Юкио МИСИМА - ПАДЕНИЕ АНГЕЛА
В подвергнувшемся перестройкам доме прежняя столовая не сохранилась. И все-таки Хонда помнил, как в пятом классе школы Гакусюин, скорее всего в субботу, они вдвоем с товарищем были по учебным делам на квартире одного из учителей, который жил на территории школы, домой он возвращался под зарядившим снегом, без зонта, и очень проголодался.
Он, как обычно, вошел через боковую калитку и обошел двор посмотреть, сколько насыпало снега. Рогожа, которой укутали стволы сосен, была в белых пятнах снега. Каменные фонари надели ватные шапки.
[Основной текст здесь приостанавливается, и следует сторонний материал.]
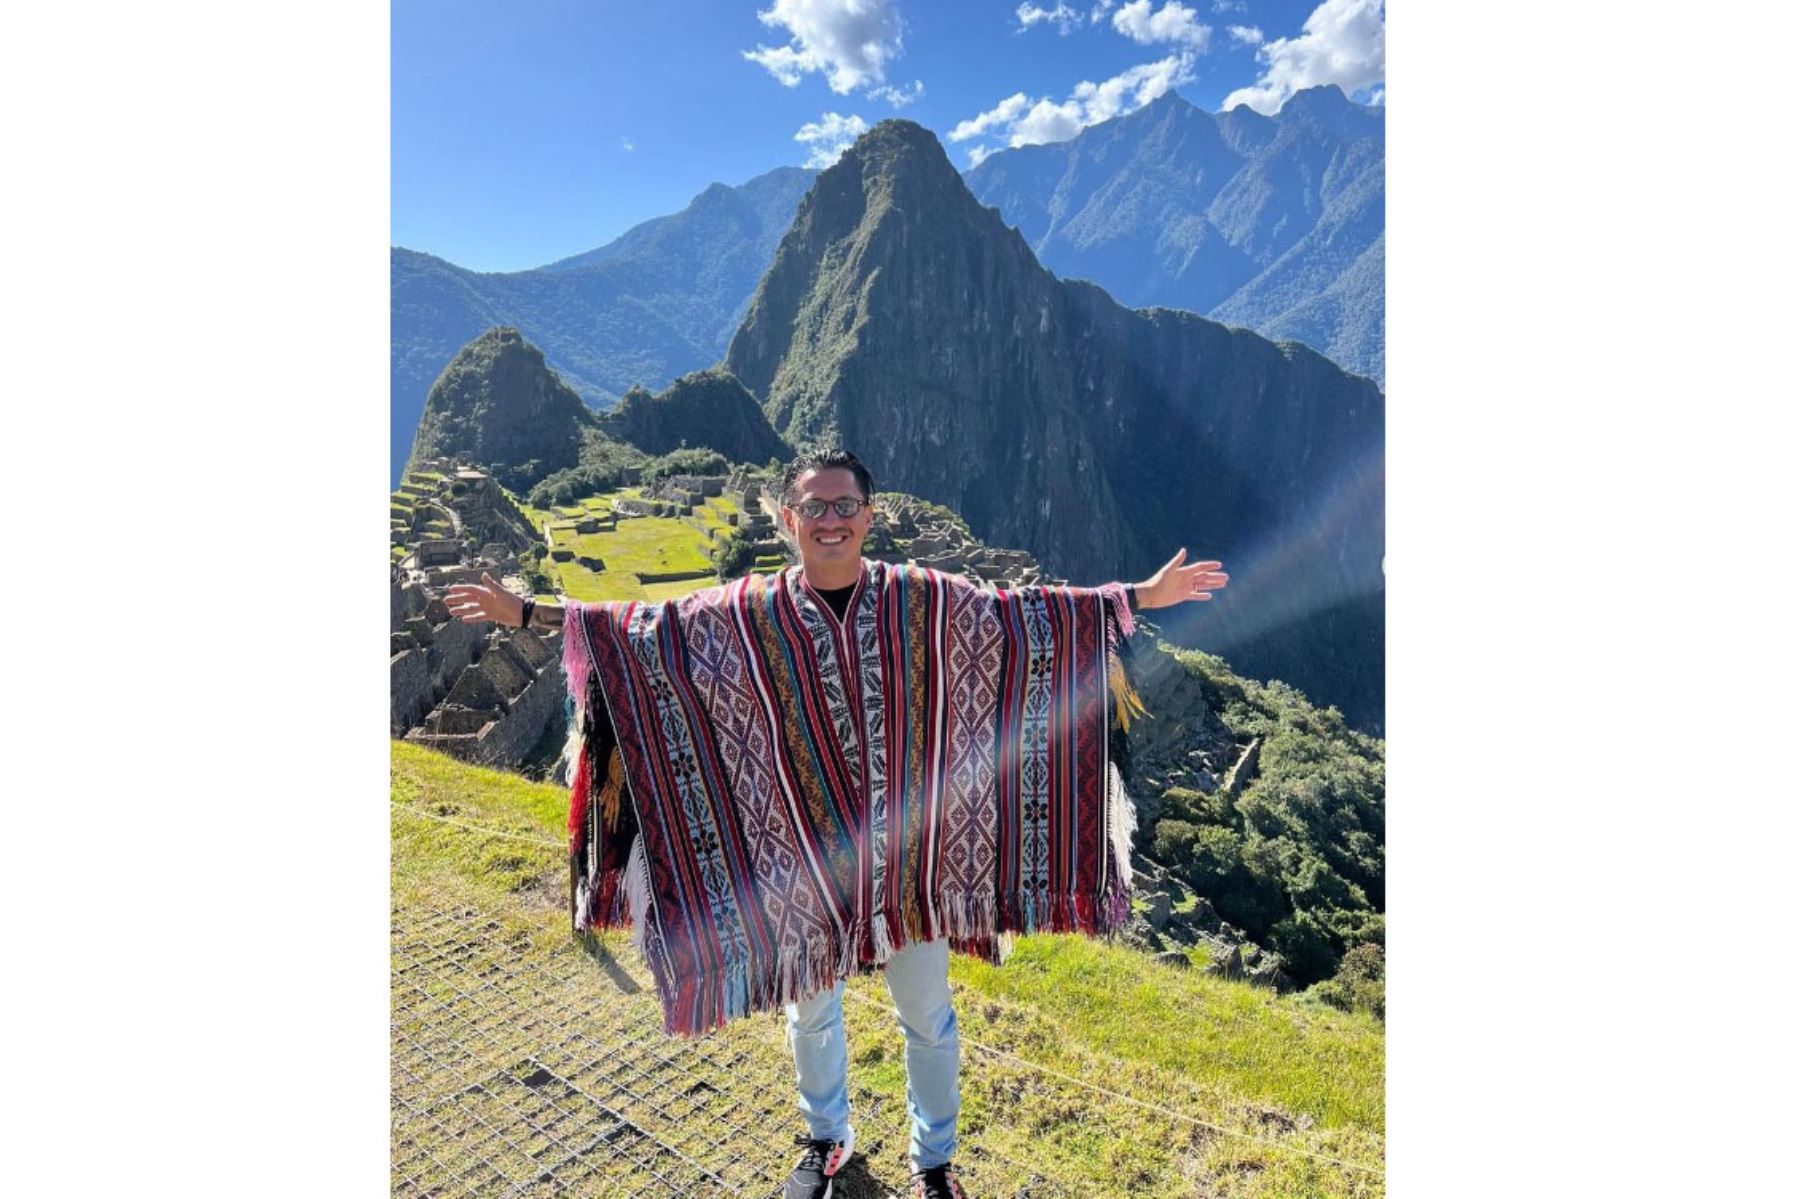 “Qué maravilla”, expresó hoy el delantero de la selección nacional de fútbol Gianluca Lapadula al llegar a Machu Picchu y quedar deslumbrado con la imponente belleza de la ciudadela inca, en su tercer día de vacaciones en Cusco. Foto: ANDINA/difusión.

Хонда шел по двору, под ботинками поскрипывал снег, и когда издали сквозь падающий снег он увидел, как в столовой движутся полы материнского кимоно, сердце подпрыгнуло.
— А, это ты. Голодный, наверное. Стряхни, как следует стряхни снег и скорее заходи, — мать, вышедшая ему навстречу, зябко поежившись, прикрыла грудь рукавами кимоно. Когда Хонда снял пальто и вошел в комнату, мать с отрешенным видом раздувала огонь в длинной жаровне, оберегая от искр выбившиеся из прически волосы. Отвлекшись на минуту от своего занятия, она сказала:
— Подожди немножко. Я приготовлю тебе что-то вкусненькое.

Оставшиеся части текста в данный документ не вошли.